There are still very few women- let alone Asian women- in Machine Learning, but Vidhi Lalchand is breaking the mould by pursuing a PhD at Cambridge University in the Department of Physics, Laboratory for Scientific Computing. What is Machine Learning? And why did Vidhi switch from a promising career with Credit Suisse to do this?
Vidhi Lalchand describes an interdisciplinary field that combines aspects of computer science and statistics .
“It is popularly called Machine Learning. The word is a bit of a misnomer as it is not as plain as about machines that can learn. It is about using mathematical algorithms to capture hidden relationships between variables (the variables are expressed in the form of data).”
She is also passionate about “the potential of existing machine learning methodologies to data driven problems in particle physics, astronomy, quantitative finance and medicine.”
Vidhi has also already completed an MPhil in Scientific Computing from Cambridge.
Before joining Cambridge in 2015 she worked as a quantitative analyst at Credit Suisse and as a high frequency trader at the Chicago based hedge fund, Citadel Securities (Europe).
Born in Chennai, Vidhi is not Tamil but feels South Indian. “My ancestors moved to Madras from Sindh in current day Pakistan just after Partition. I could be biased but Chennai serves as a microcosm of the Indian science effort,” she notes.

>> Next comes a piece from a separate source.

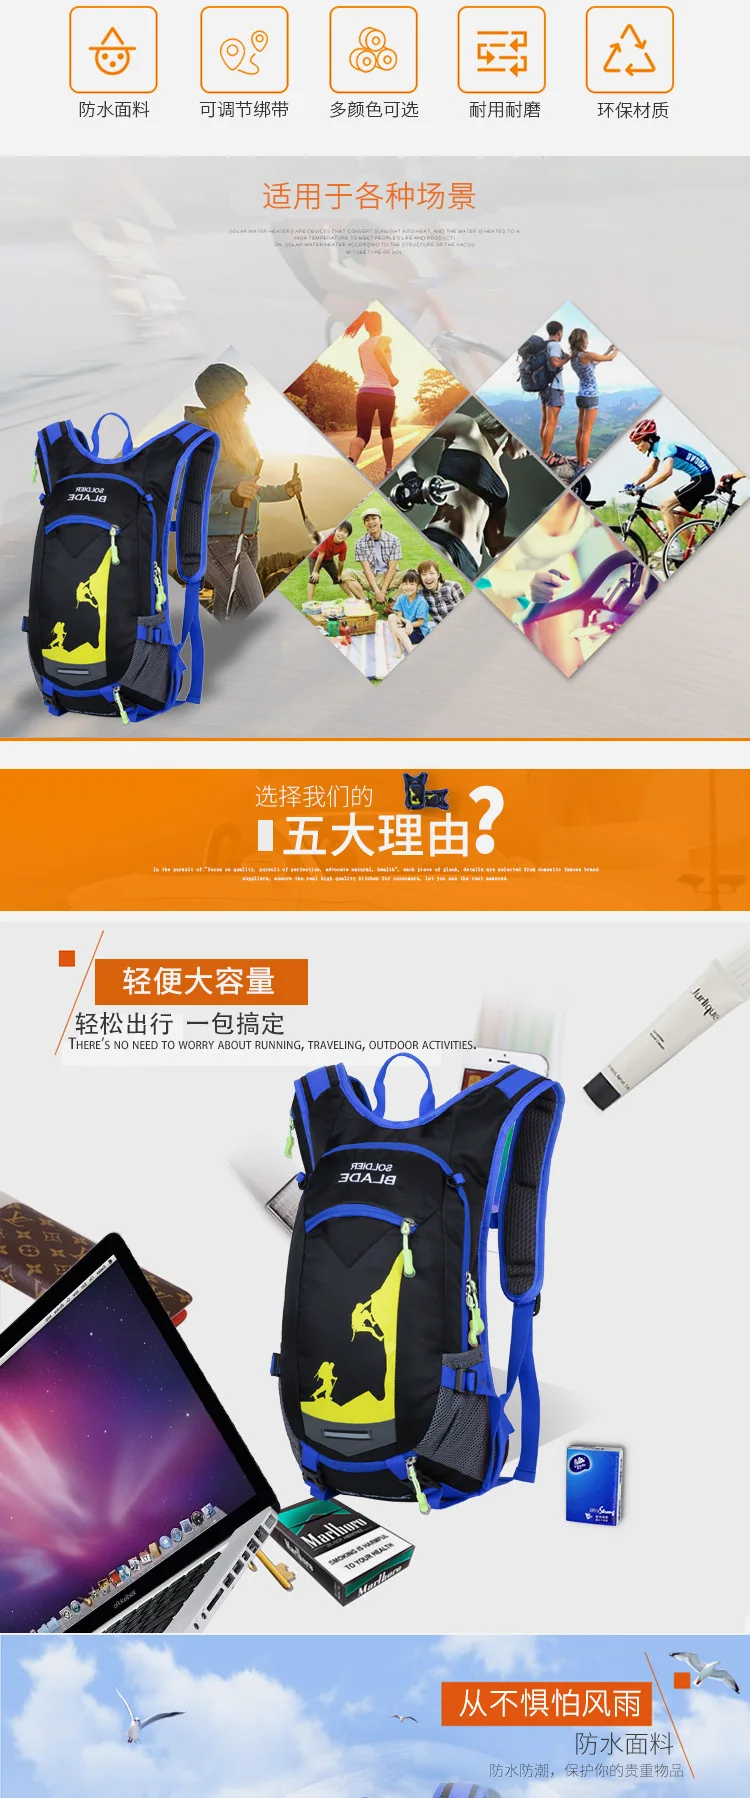 18L водонепроницаемый рюкзак для велосипеда, для спорта на открытом воздухе, сумка для воды, сумки для мужчин и женщин, рюкзак для велоспорта, пешего туризма, кемпинга, бега

Early Learning and Influences
Vidhi Lalchand remembers doing “fairly well at school, this can be partly attributed to my mother. Academic achievement was important to her and as a result I developed a certain comfort level with long periods of concentrated study. When I look back from where I am now I can connect the dots. I spent hours reading up stuff, meandering, led by curiosity. I had a great academic record, with high grades from a private school.

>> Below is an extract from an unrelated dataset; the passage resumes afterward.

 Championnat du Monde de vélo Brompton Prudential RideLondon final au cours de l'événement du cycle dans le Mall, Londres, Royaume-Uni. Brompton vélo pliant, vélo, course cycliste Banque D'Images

I was accepted for a Masters at the LSE where I was supervised by Prof. Norman Biggs, a leading British mathematician, and there has been no looking back. At Cambridge, I have benefitted from the tenor of life here.”
Switching from the City
Why did Vidhi choose to change career paths? “While I was working with high calibre individuals and doing very interesting work (not always, but most of the time) I switched for two reasons - first, I had both the inclination and appetite for academia, and second, I missed the undercurrents of academic life and the freedom of living on my own terms.

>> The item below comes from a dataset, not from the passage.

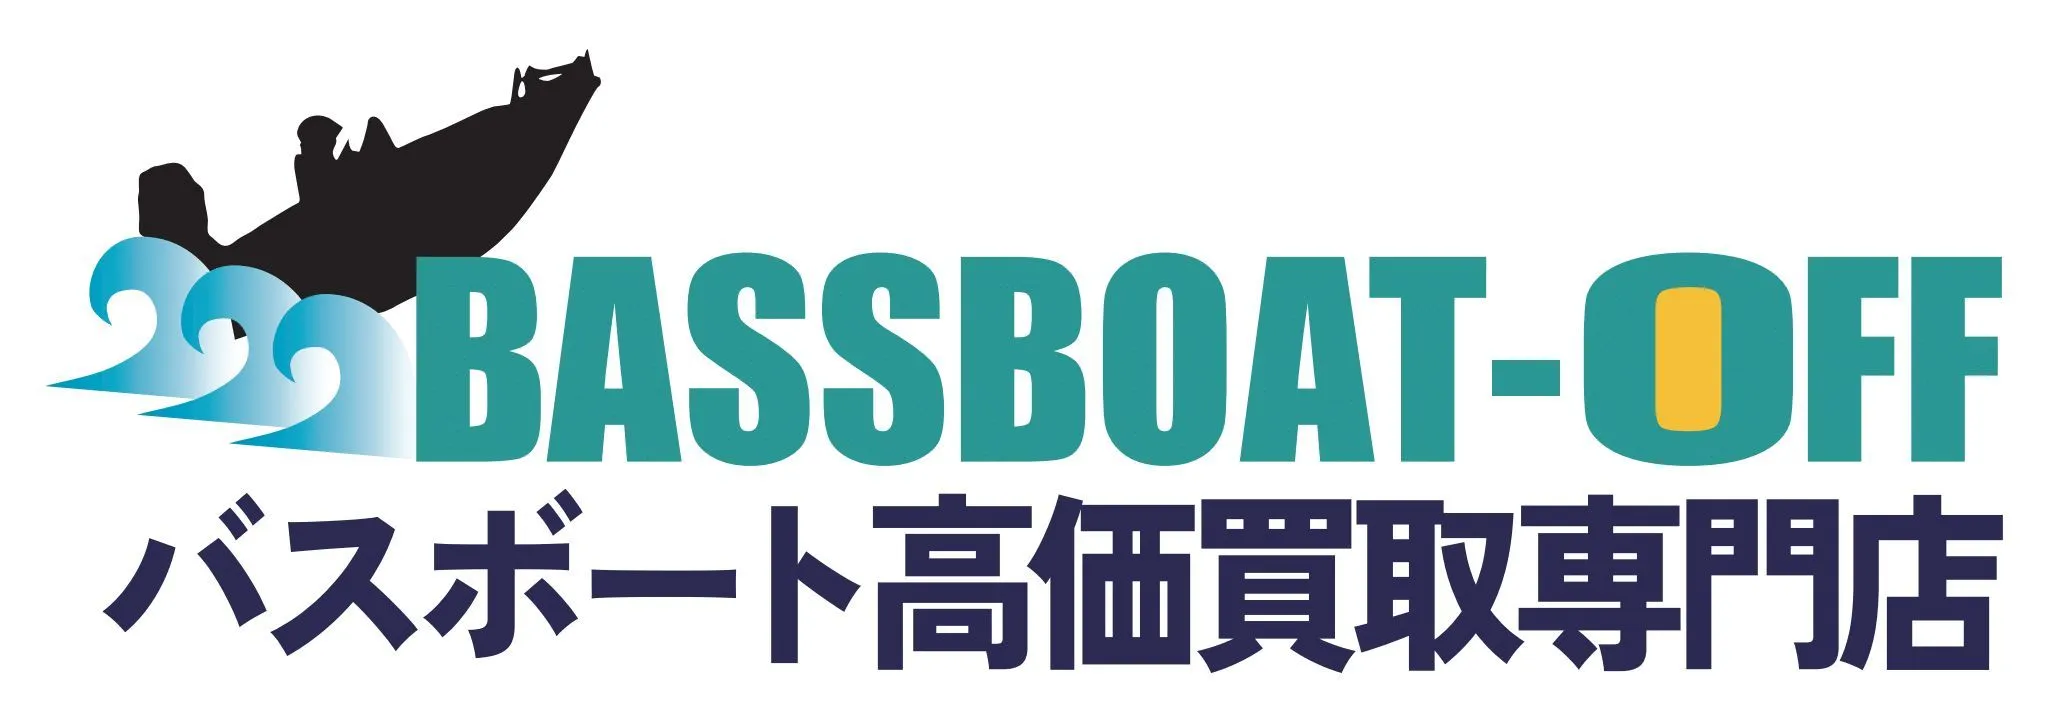 BASSCAT(バスキャット)ボート一覧|bassboat-off.com

In the current era where everything is connected and fast, the possibility that you can create something on a computer or a lab that can take the world by storm is a tantalising one.
But for that you need ultimate freedom, which is not afforded in a day job which doesn’t leave you with the energy for unrelated side pursuits.”
What is the reason comparatively few Indians, Indian women in particular, focus on scientific research?
Vidhi has a theory for this. “India doesn’t invest in building great science institutions, it is just not a priority at this time of its evolution. Furthermore there is the undeniable universal male bias in science subjects, and in particular physics and computer science. I think firstly the emphasis on the advantages (or joys) of a science education are weak especially for girls. There is an urgent need to widen people’s perception about who scientists can be. Further, excellence in research and the ability for abstract thought are a function of sustained effort and focus. Maybe this is something which is compromised by the ‘choice’ to have a family, and this choice does not affect men and women equally.”
Vidhi has plenty of expectations for herself. “I would define a successful Ph.D as one which is an assimilation of publishable results. I want to oscillate between working on interesting projects in industry and quiet periods of academic retreat.
The broadness of the research field allows me to work on problems in very distinct worlds. I would like to test machine learning to data from football games to detect predominant movement patterns in players which lead to goals. At the lab, I am focussing on applying learning algorithms to data from the high energy physics world.”
Vidhi wants to produce research that has a wide impact. “Something that influences the discourse after I am gone. The scale is unimportant, it can be something that is understood and used by a very small group of people. It must be effective and stand the test of time. Much of what G.H Hardy writes in the book ‘A Mathematician’s Apology’, about his expectations for his legacy, resonates with me.”